馬琴と北斎の物語に惹かれた
――本作の監督を務めた曽利(文彦)さんから「役所さんの馬琴と内野さんの北斎なくして成り立たず」というほど熱烈なオファーがあったとうかがいましたが、今回のお話を聞いてどんなところに惹かれましたか。
滝沢馬琴という作家が、葛飾北斎の絵に影響され、触発されて筆が進んでいったということは初めて知ったので驚きました。しかも北斎という大巨匠の絵を挿し絵にしていたとは。馬琴という作家の草分け的存在と、北斎という天才絵師がこんなにも近いところにいて影響し合っていたという物語にまずは惹かれました。それに僕自身、北斎という浮世絵師のことがずっと気になっていたので改めて調べてみたら、なんと魅力的な人なんだろうということを知りました。晩年は「画狂老人卍」という画号を名乗っていましたが、非常に面白い人間なんです。

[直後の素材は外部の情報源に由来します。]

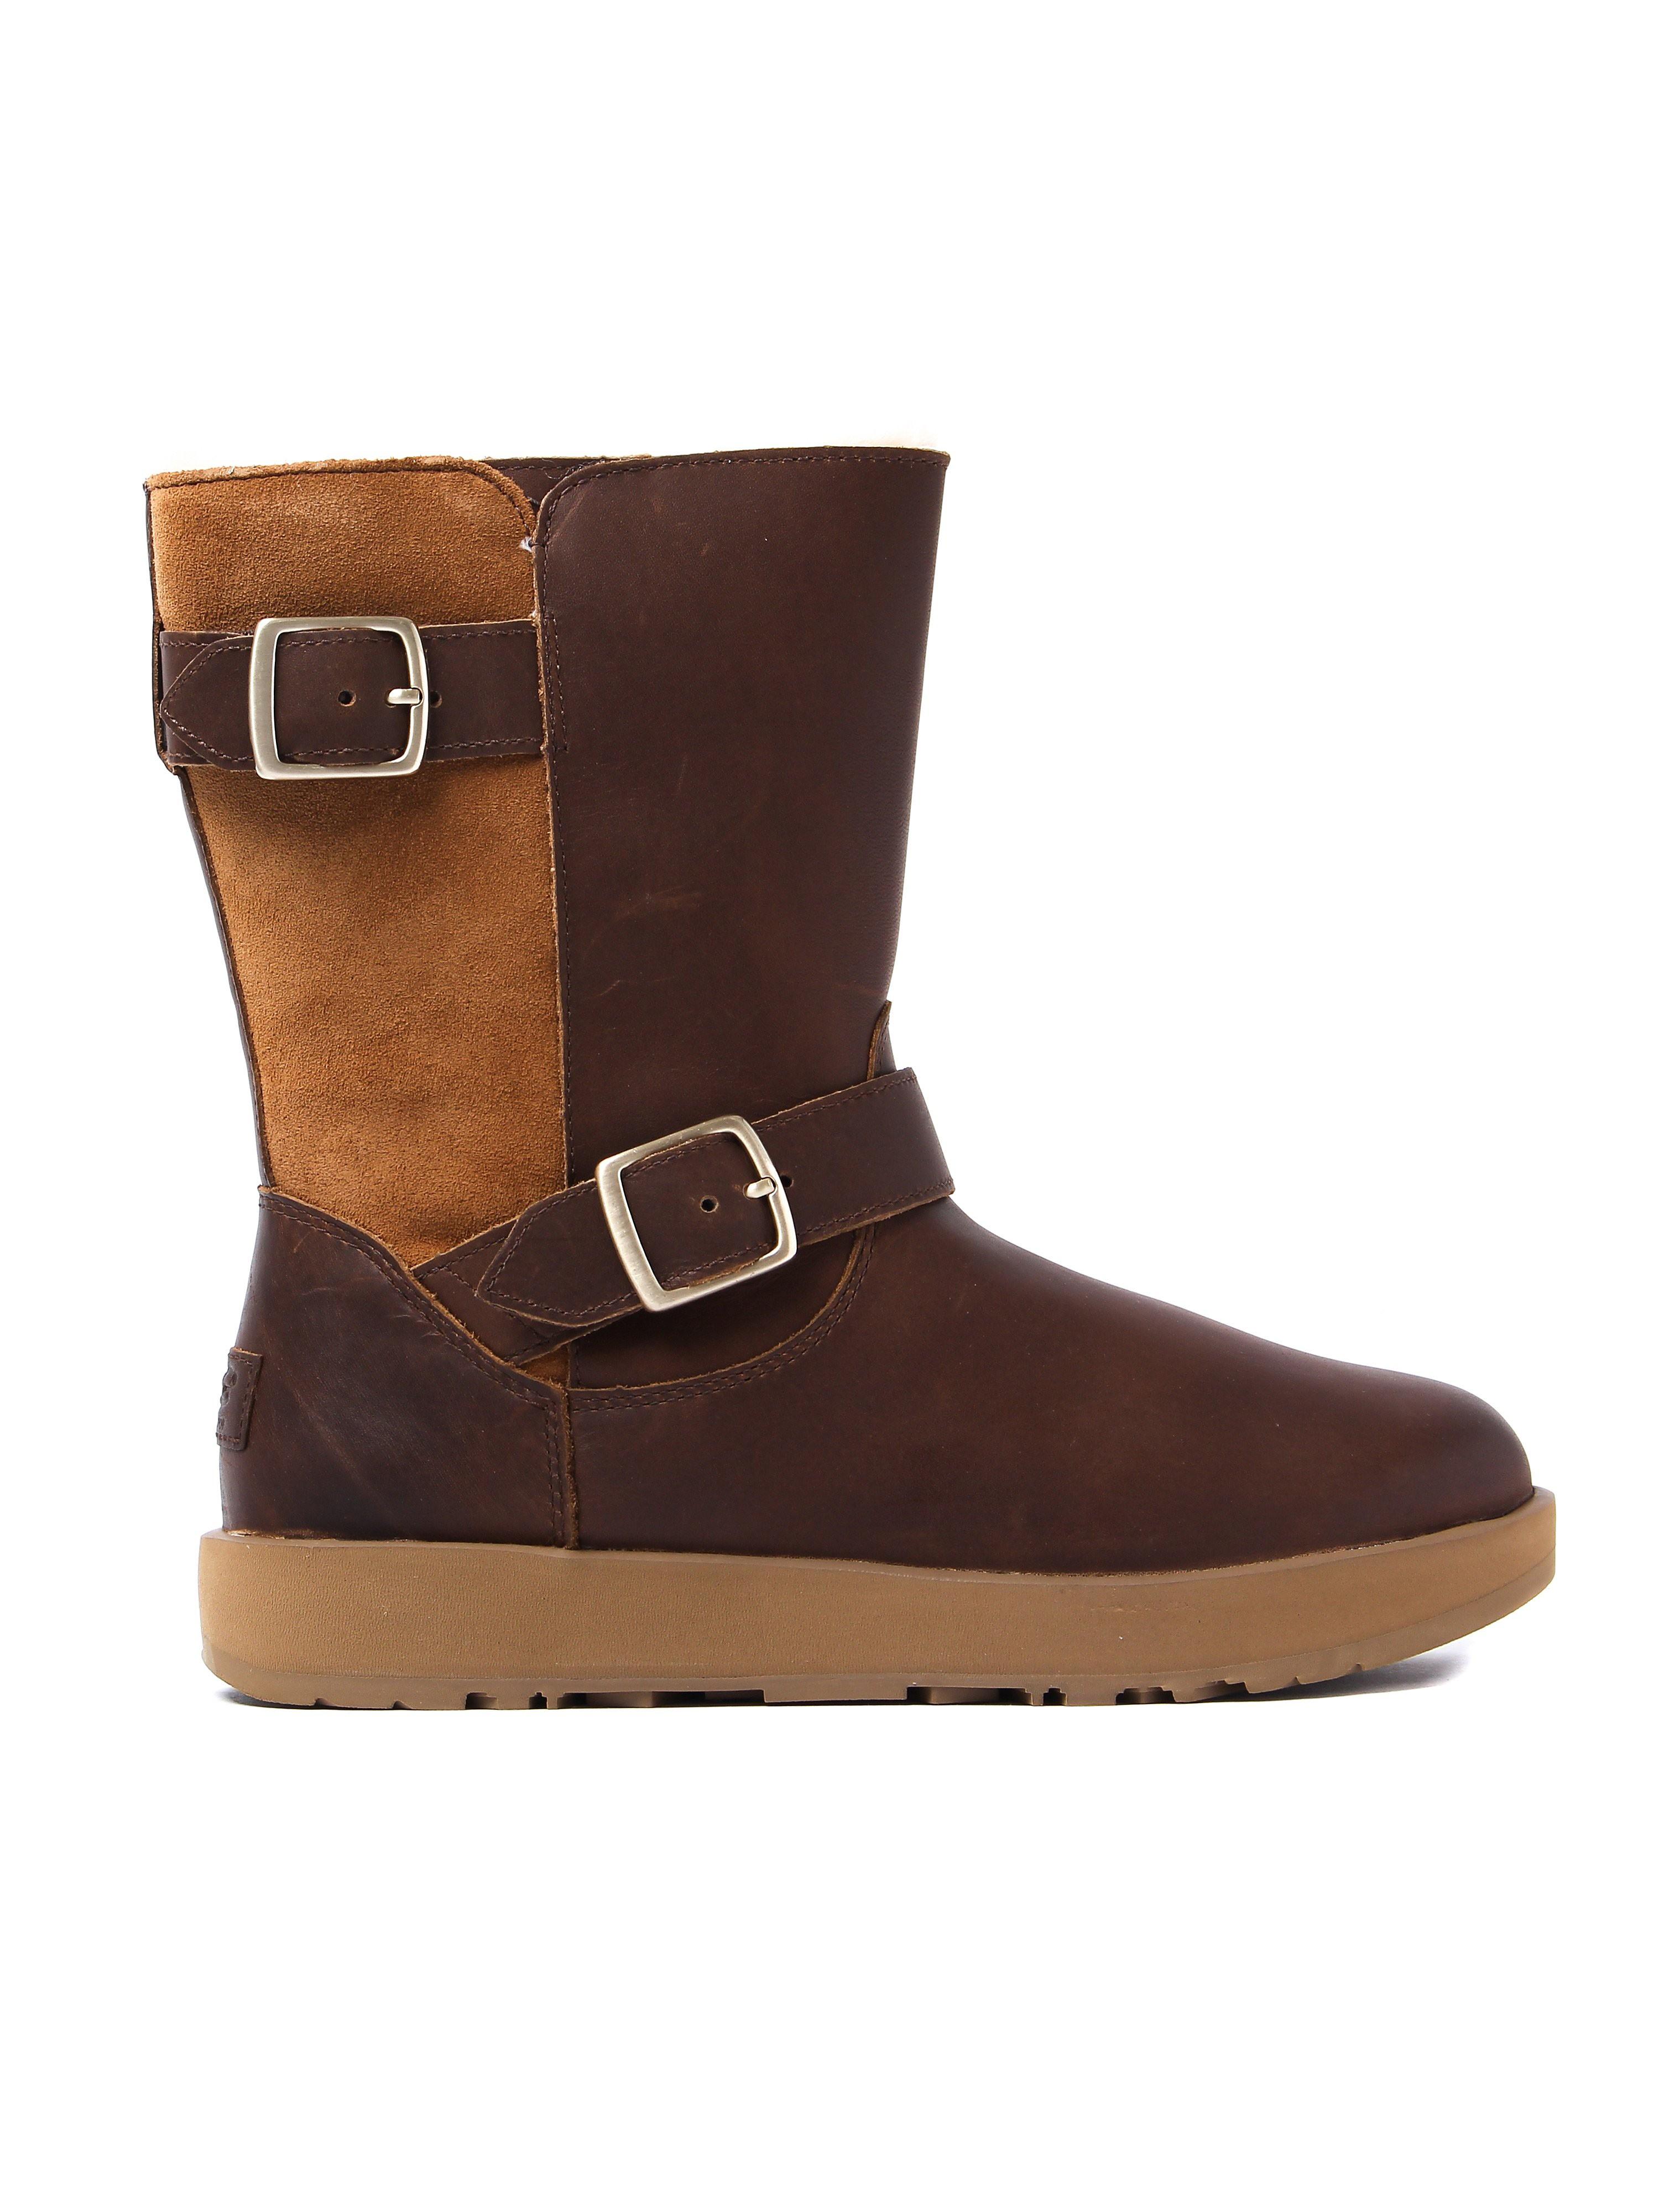 UGG Women's Waterproof Breida Boots - Chestnut Leather
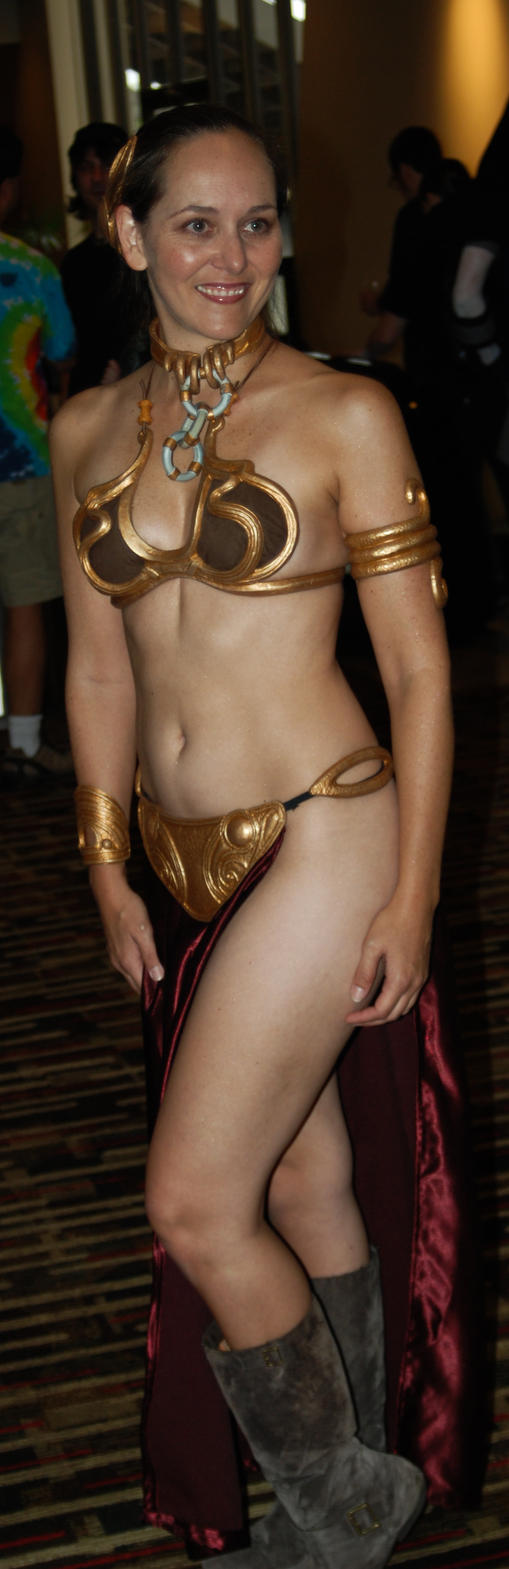 Dragoncon 2009 - Slave Leia by

――1842年に完結してから200年近くの時を超え、「南総里見八犬伝」をもとに歌舞伎や映画など数々の作品が世に出ています。これだけの時を経て受け継がる作品の魅力をどんなところに感じますか。
いろいろなエンターテイメントがありますが、良き者、正しき者が浮かばれるという娯楽作品の原点がここにある、ということがすごいことだと思います。忍術なども出てきますが、ああいう浮世離れした話は今でも市井に生きる人々は心の楽しみとしているし、例えば「鬼滅の刃」なども少し似ているところがありますよね。今でも日本の娯楽文化に受け継がれているのは驚きですよね。
――今回の脚本を読んだ感想はいかがでしたか。
山田風太郎さんの『八犬伝』は、虚実ない混ぜに進んでいく作りが面白いなと思いました。滝沢馬琴の脳内のファンタジーが「虚」として間に挟まれて、滝沢馬琴と葛飾北斎や家族たちの日常という「実」の世界、が交互に入れ替わり進んでいく。この展開が非常に興味深くて楽しいですね。
馬琴の書斎に風を持ってくる北斎
――葛飾北斎をどのように捉え、膨らませて撮影に臨んだのでしょうか。
この映画では、馬琴の凄まじい人生の中で、大きな創作エネルギーの起爆剤となった一人の絵師として描かれています。その馬琴の人生にどれだけ影響を与えていくかということが、今作での北斎の役割だったので、そこは大事にしていました。本が積まれた書斎の中から出てこない馬琴が、自由にフィクションの世界で羽ばたくのに対して、北斎は全国津々浦々歩き回った中でインスピレーションを得て絵にしている。創作家として真逆の人たちを設定しているので、曽利監督からは「馬琴のこもる書斎に風を持ってきてほしい」と言われたのは印象的でした。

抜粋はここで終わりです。